Malaysians’ bubble tea frenzy

There is still no sign that the bubble tea craze among Malaysians will die down soon as more stores are opening up in Subang Jaya, which has been regarded as “Bubble Tea Street”.


Bubble tea (also called boba tea or pearl tea) is nowadays easily spotted on the side streets or in any malls and is often featured on foodies’ Instagram posts.

The ice droplets on the plastic cup filled with milky brown (can also be green, orange, or maybe colourful) tea and small balls of black tapioca pearls floating around in it, perfected with giant straw to inhale those pearls in one sip – this unique-looking beverage is alluring enough to draw a big crowd waiting in line in front of the stores.

Bubble tea has become a common culture among Malaysians that it will be almost incomplete to hang out at the malls during the weekends without buying one. It is also appraised as a comfort drink on a hot, sunny day, and a good company for a lone drive.

Bubble tea craze is now at its peak, but it is not without some murky issues surrounding it.

It is actually bad for health

It has been pointed out that bubble tea is not a good choice for a healthy diet. According to MyHealth, instant tea alone contains 5.5 teaspoons of sugar in every 240 ml.


World Health Organization (WHO) recommends that additional sugar intake for adults be limited to 10 teaspoons a day (50g). A cup of bubble tea a might be savoury to a lot of people, but a recent study conducted in Singapore shows that the highly-praised drink contains 18.5 teaspoons (92.5 g) of sugar. Not to mention the extra syrup that could add up to 300 or 400 calories per drink.

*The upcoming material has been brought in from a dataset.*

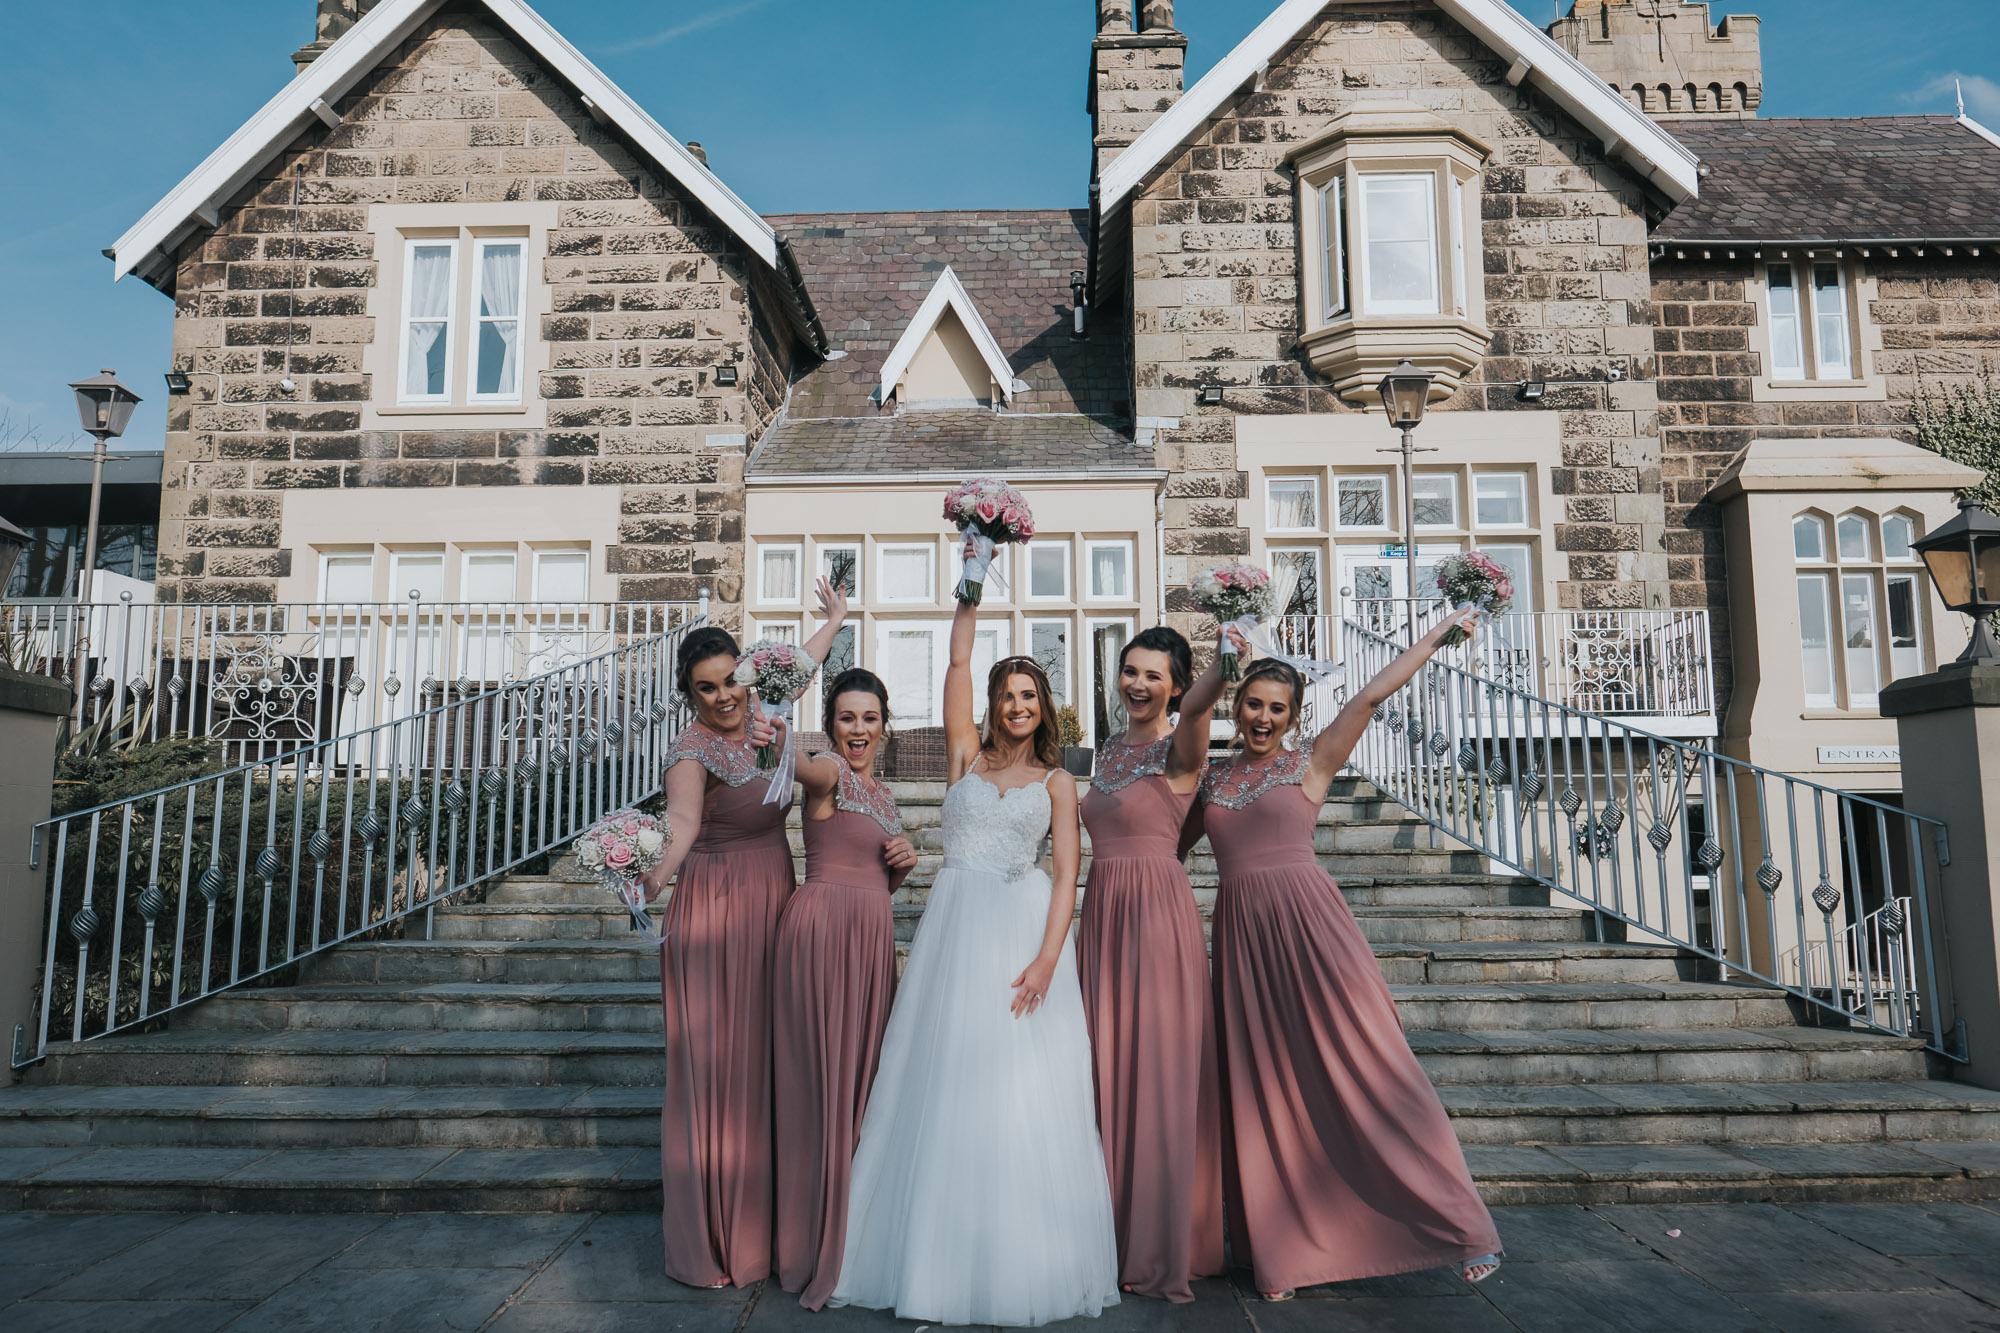 West Tower Exclusive Wedding Venue wedding photography merseyside and lancashire wedding photographer (30 of 60).jpg

While the extreme sugar content should be alarming to bubble tea addicts, just recently a 14 year-old girl in China made headlines after a CT scan found over 100 bubble tea pearls trapped inside her abdomen – a result of an excessive bubble tea drinking habit.

Back in 2012, German Federal Institute for Risk Assessment released a warning that the starch-made chewy balls posed a choking risk especially for children. On top of that, they are also hard to digest, which led the girl to experience constipation for five days and severe stomach aches.

Despite all these, the obsessed are still seen lining up across the street to get themselves a tasteful cup of bubble tea.

The halal or non-halal conflict

When it comes to food and beverages, Muslims are always debating whether or not it is lawful to be consumed. The same issue was also been raised recently in the wave of bubble tea craze by a social media user Siti Mariam Zainon who questioned famous bubble tea brands Xing Fu Tang and The Alley of not having halal certification from JAKIM.

The Facebook post has divided netizens into two groups. The first group consisted of people who agree with Siti Mariam that consuming non-halal drinks is a big no for Muslims. Instead of queuing outside of the doubtful stores, the Muslims should opt the other halal-verified chains such as Tea Live, Chatime, and Cool Blog, which once upon a time was the real deal.

The second group of people disagreed and chose to believe that the drink does not involve animal products, hence no halal certification was required. Besides, most businesses set up outlets before applying the halal certificate from JAKIM as it is time consuming and this does not mean that the drink is haram.

As long as there is no doubt in their hearts and minds about the drink, bubble tea is halal for Muslims to consume.

Plastic straw ban in Selangor

More bubble tea outlets mean more plastic straws will end up at the bottom of the ocean, threatening the already endangered marine lives.

On a positive note, it has been announced that starting from July 1, all food and beverage outlets in Selangor are prohibited from serving plastic straws on the counters to be picked up by the customers. The straws will only be issued upon customers’ request in an effort for a greener city and better environment. But the downside to this is it will most certainly have a great impact on the bubble tea industry.

Bubble tea requires a straw so that the full experience of drinking and slurping the tapioca pearls will be complete. The seal of the cup is purposely designed for the pointy end of a straw to stab through. But since the ban of plastic straws is being put in place, business owners and bubble tea-obsessed will be forced to improvise.

One alternative for business owners is to provide a reusable stainless steel or paper straw and for the customers to carry it with them when buying the bubble tea. For the former, doing this will raise the issue of higher cost. For the latter however, drinking bubble tea could be a fun, spontaneous thing and if they decide to buy one during the day, the straw might not readily be in their bags.

But if this is too much trouble, there is always the option for the customers to ask for the plastic straws and the employees of the store will have to abide.


Carmelo Ferlito from think tank Institute for Democracy and Economic Affairs through Free Malaysia Today predicted that the burst of bubble tea industry will be short-lived.

“This is difficult to predict, but I foresee an initial upward dynamic, followed by cooling prices when more suppliers come into play, and a further downward movement when the product will be ‘out of fashion’.” – Carmelo Ferlito (May 30, 2019)

Eventually, all “imitators” that stepped in during the height of bubble tea fever will clear out, leaving only the strongest and the well-established players.